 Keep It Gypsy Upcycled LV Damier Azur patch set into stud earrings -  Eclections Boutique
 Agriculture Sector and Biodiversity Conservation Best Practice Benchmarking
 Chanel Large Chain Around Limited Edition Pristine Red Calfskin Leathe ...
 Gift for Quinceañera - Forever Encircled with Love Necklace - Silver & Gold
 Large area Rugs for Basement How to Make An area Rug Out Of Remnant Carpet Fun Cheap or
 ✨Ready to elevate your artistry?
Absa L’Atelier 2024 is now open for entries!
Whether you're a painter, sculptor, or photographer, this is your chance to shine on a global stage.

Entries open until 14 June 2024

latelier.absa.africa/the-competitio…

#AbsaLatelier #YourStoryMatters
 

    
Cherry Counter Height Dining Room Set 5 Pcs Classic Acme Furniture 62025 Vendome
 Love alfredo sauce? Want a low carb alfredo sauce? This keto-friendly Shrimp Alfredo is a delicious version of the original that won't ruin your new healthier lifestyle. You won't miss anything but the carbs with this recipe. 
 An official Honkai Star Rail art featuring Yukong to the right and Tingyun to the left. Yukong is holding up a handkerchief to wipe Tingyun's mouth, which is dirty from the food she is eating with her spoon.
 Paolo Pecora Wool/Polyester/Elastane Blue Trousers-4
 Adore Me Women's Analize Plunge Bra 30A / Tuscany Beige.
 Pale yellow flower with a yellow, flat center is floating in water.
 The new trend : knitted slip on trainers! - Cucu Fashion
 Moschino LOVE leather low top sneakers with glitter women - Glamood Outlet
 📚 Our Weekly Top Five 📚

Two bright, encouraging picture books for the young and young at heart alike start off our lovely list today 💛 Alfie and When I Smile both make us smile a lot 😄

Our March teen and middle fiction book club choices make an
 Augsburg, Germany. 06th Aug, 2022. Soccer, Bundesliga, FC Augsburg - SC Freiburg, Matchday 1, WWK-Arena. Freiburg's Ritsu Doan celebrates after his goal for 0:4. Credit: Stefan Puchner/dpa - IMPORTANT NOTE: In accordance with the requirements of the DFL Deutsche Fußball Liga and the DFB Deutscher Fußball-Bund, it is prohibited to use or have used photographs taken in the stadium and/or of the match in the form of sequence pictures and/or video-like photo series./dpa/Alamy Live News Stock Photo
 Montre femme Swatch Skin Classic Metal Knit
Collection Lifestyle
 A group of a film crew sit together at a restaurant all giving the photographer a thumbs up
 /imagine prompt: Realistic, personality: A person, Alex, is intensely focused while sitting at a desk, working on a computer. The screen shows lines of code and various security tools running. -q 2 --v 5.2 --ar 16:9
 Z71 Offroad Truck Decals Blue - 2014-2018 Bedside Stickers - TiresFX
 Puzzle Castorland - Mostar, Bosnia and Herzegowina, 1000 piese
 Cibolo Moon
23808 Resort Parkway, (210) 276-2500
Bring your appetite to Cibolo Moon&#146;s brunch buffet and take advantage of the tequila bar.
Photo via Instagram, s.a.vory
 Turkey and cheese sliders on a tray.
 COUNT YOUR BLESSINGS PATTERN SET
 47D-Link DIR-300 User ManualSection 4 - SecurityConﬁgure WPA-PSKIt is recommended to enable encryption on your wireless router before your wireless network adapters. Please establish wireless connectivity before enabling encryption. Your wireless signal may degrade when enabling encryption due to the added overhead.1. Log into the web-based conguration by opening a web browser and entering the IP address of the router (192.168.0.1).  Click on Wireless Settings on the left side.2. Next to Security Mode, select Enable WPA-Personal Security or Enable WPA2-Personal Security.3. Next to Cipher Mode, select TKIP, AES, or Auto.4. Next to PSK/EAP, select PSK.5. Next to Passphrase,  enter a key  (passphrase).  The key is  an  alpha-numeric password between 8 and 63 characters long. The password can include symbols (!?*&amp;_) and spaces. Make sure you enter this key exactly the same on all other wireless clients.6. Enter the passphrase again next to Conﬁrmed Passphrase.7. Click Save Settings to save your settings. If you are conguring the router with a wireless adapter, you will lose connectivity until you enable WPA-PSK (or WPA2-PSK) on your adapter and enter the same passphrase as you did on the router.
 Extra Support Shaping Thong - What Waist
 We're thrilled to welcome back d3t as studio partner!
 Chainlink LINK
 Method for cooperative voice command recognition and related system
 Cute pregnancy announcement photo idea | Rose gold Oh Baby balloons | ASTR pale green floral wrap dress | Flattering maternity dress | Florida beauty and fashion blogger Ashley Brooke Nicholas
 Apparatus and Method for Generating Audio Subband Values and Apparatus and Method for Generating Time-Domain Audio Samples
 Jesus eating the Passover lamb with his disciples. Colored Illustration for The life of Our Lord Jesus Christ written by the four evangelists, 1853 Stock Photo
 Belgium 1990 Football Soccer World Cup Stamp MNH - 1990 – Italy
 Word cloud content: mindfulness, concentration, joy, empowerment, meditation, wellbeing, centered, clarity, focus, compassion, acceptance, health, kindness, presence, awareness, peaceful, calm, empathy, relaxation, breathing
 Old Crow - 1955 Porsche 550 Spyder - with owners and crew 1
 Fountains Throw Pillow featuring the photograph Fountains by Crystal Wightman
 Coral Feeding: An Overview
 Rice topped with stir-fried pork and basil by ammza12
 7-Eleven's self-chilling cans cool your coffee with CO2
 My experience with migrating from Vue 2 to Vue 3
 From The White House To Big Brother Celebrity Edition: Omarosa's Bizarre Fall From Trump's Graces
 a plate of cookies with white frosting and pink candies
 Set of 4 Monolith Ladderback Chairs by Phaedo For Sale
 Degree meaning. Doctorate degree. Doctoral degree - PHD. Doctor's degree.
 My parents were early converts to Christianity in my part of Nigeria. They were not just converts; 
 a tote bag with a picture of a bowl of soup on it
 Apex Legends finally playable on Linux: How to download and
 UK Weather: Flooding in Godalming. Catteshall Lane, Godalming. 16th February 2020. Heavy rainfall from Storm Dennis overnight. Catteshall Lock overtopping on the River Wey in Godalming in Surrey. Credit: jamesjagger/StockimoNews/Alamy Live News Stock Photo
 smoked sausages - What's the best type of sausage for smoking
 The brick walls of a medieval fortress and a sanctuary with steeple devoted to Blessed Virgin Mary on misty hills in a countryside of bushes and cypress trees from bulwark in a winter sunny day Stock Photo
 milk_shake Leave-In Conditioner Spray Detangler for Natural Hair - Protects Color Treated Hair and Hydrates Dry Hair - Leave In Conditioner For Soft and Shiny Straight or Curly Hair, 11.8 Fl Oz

* _Work request_
Your answer should be the lines above that contain the word "Stock", copied out.

* _Answer section_
 Augsburg, Germany. 06th Aug, 2022. Soccer, Bundesliga, FC Augsburg - SC Freiburg, Matchday 1, WWK-Arena. Freiburg's Ritsu Doan celebrates after his goal for 0:4. Credit: Stefan Puchner/dpa - IMPORTANT NOTE: In accordance with the requirements of the DFL Deutsche Fußball Liga and the DFB Deutscher Fußball-Bund, it is prohibited to use or have used photographs taken in the stadium and/or of the match in the form of sequence pictures and/or video-like photo series./dpa/Alamy Live News Stock Photo
 Jesus eating the Passover lamb with his disciples. Colored Illustration for The life of Our Lord Jesus Christ written by the four evangelists, 1853 Stock Photo
 UK Weather: Flooding in Godalming. Catteshall Lane, Godalming. 16th February 2020. Heavy rainfall from Storm Dennis overnight. Catteshall Lock overtopping on the River Wey in Godalming in Surrey. Credit: jamesjagger/StockimoNews/Alamy Live News Stock Photo
 The brick walls of a medieval fortress and a sanctuary with steeple devoted to Blessed Virgin Mary on misty hills in a countryside of bushes and cypress trees from bulwark in a winter sunny day Stock Photo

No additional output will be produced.